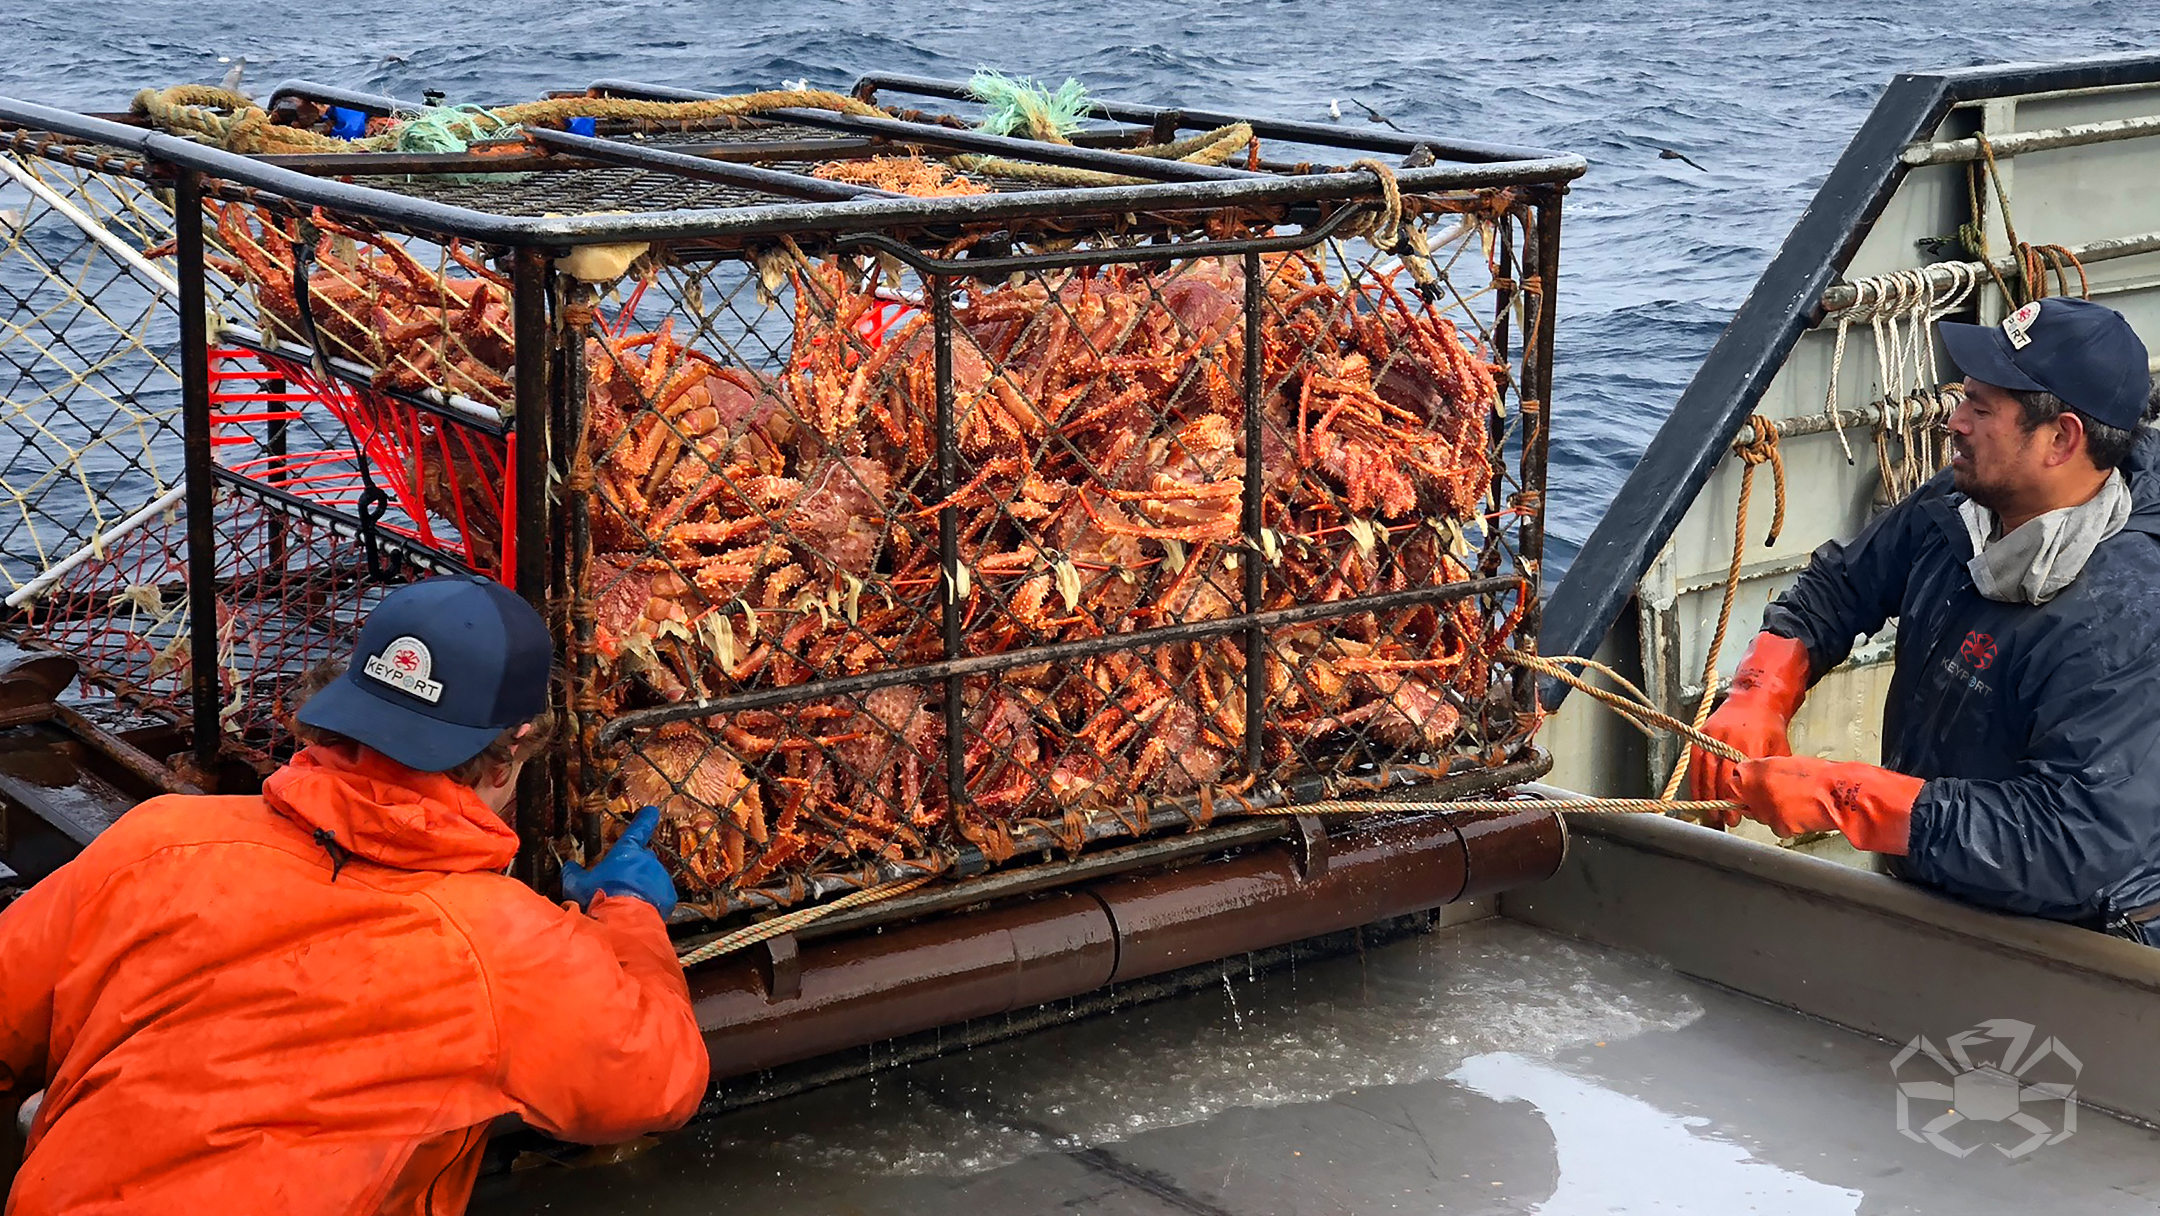 Промысел краба. Ловля крабов на Аляске. Монако сельское хозяйство рыболовство. Alaskan King Crab Fishing. Ловля крабов на Аляске Дискавери.
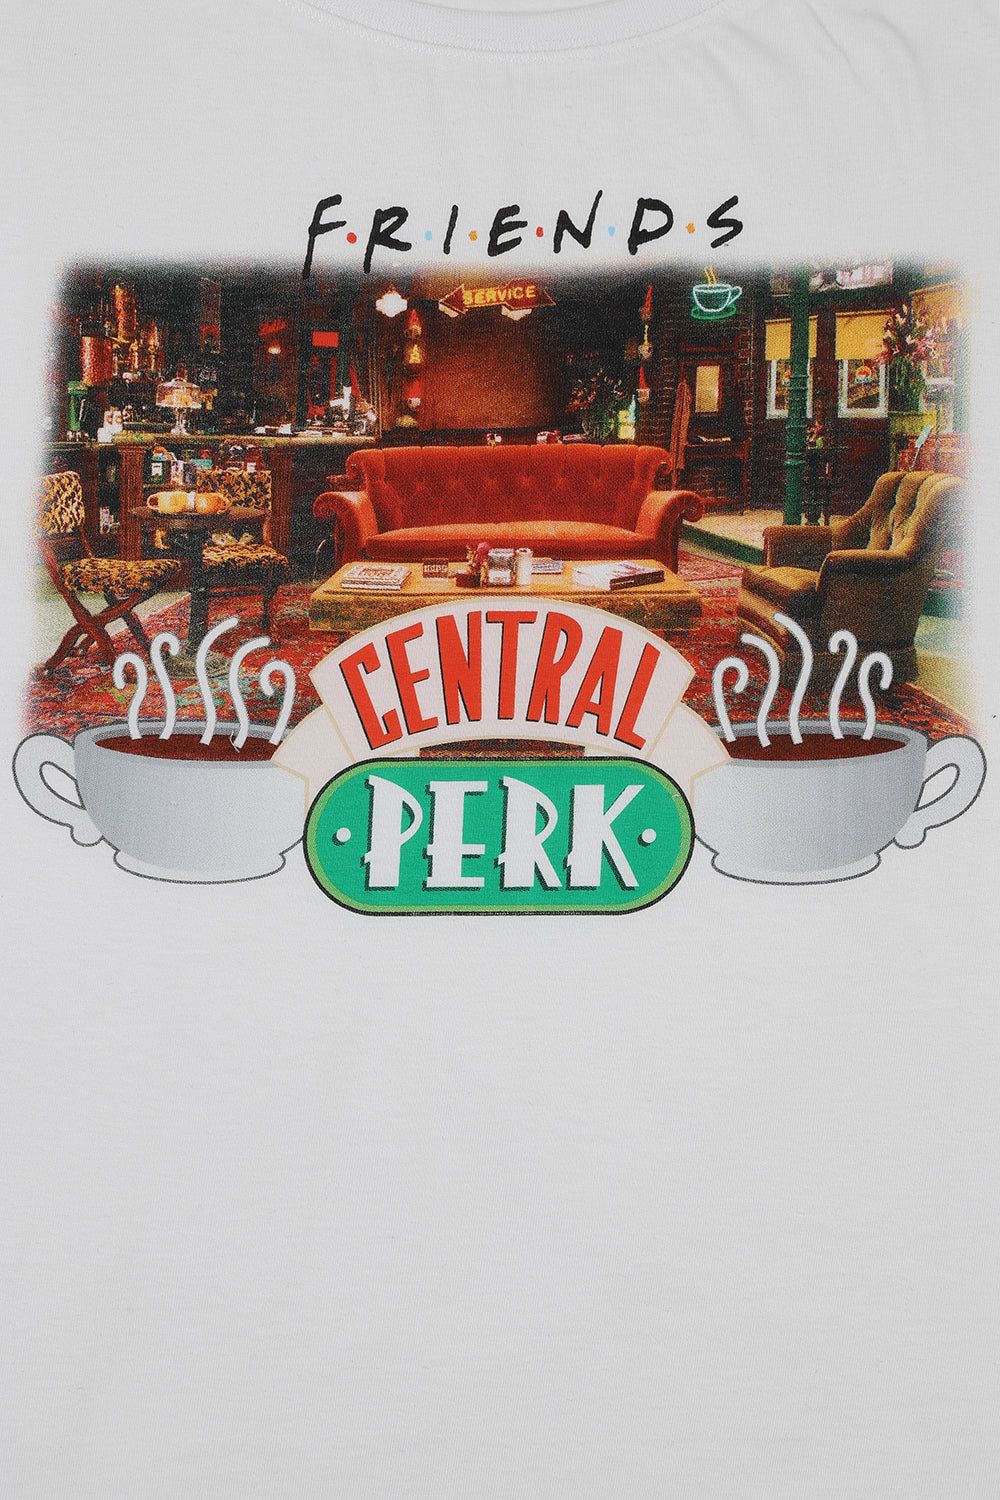 FRIENDS Central Perk Short Pyjamas for Girls Cafe TV Show Kids PJ Set Black White - Pyjamas.com
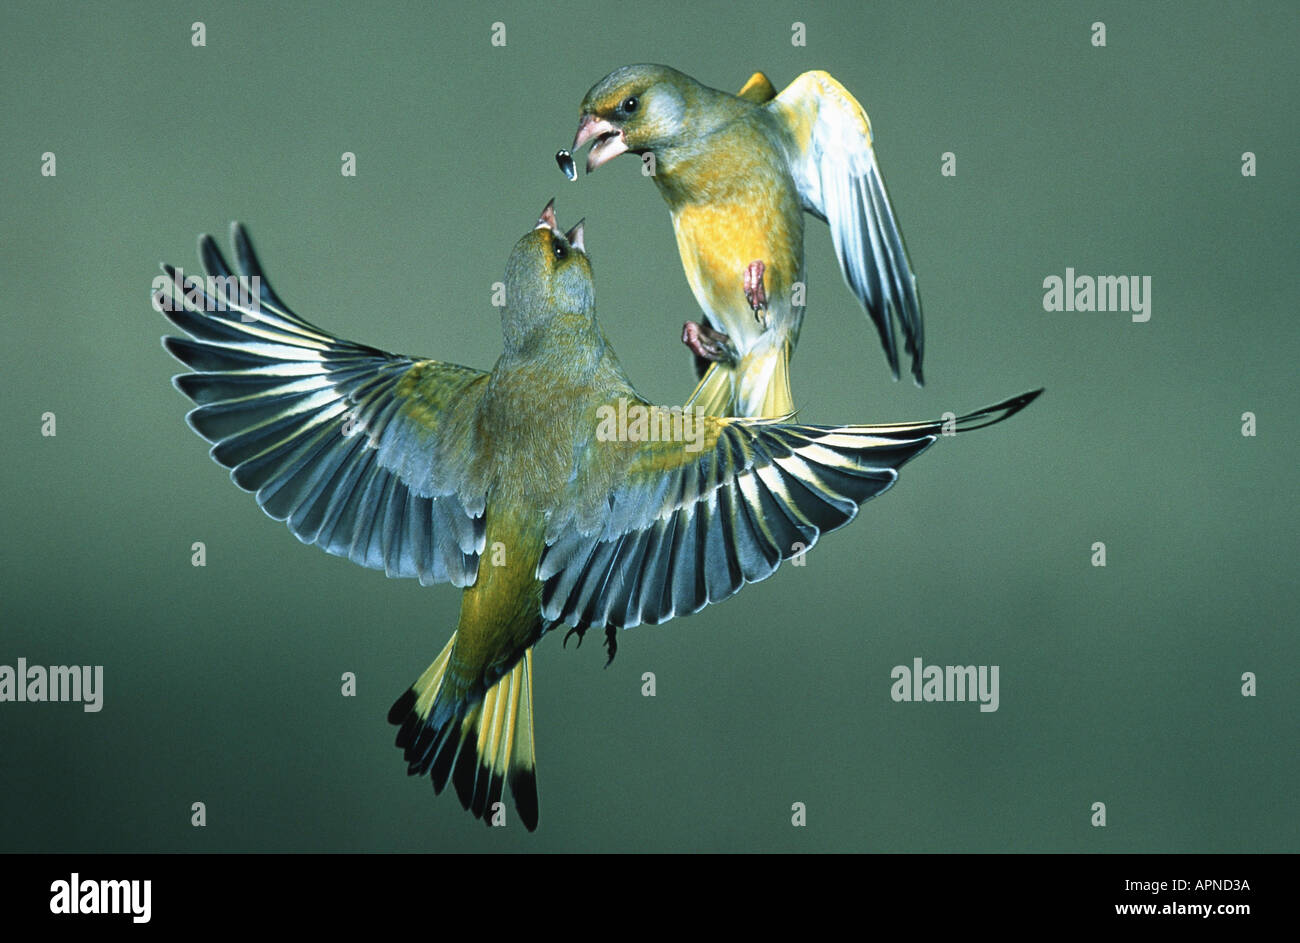 Western verderón (Carduelis chloris), volando, dos individuos pelearse por un maíz Foto de stock
==*==
The material above must be set down word for word, with no picture carried over.

 Промысел краба. Ловля крабов на Аляске. Монако сельское хозяйство рыболовство. Alaskan King Crab Fishing. Ловля крабов на Аляске Дискавери.
 FRIENDS Central Perk Short Pyjamas for Girls Cafe TV Show Kids PJ Set Black White - Pyjamas.com
 Western verderón (Carduelis chloris), volando, dos individuos pelearse por un maíz Foto de stock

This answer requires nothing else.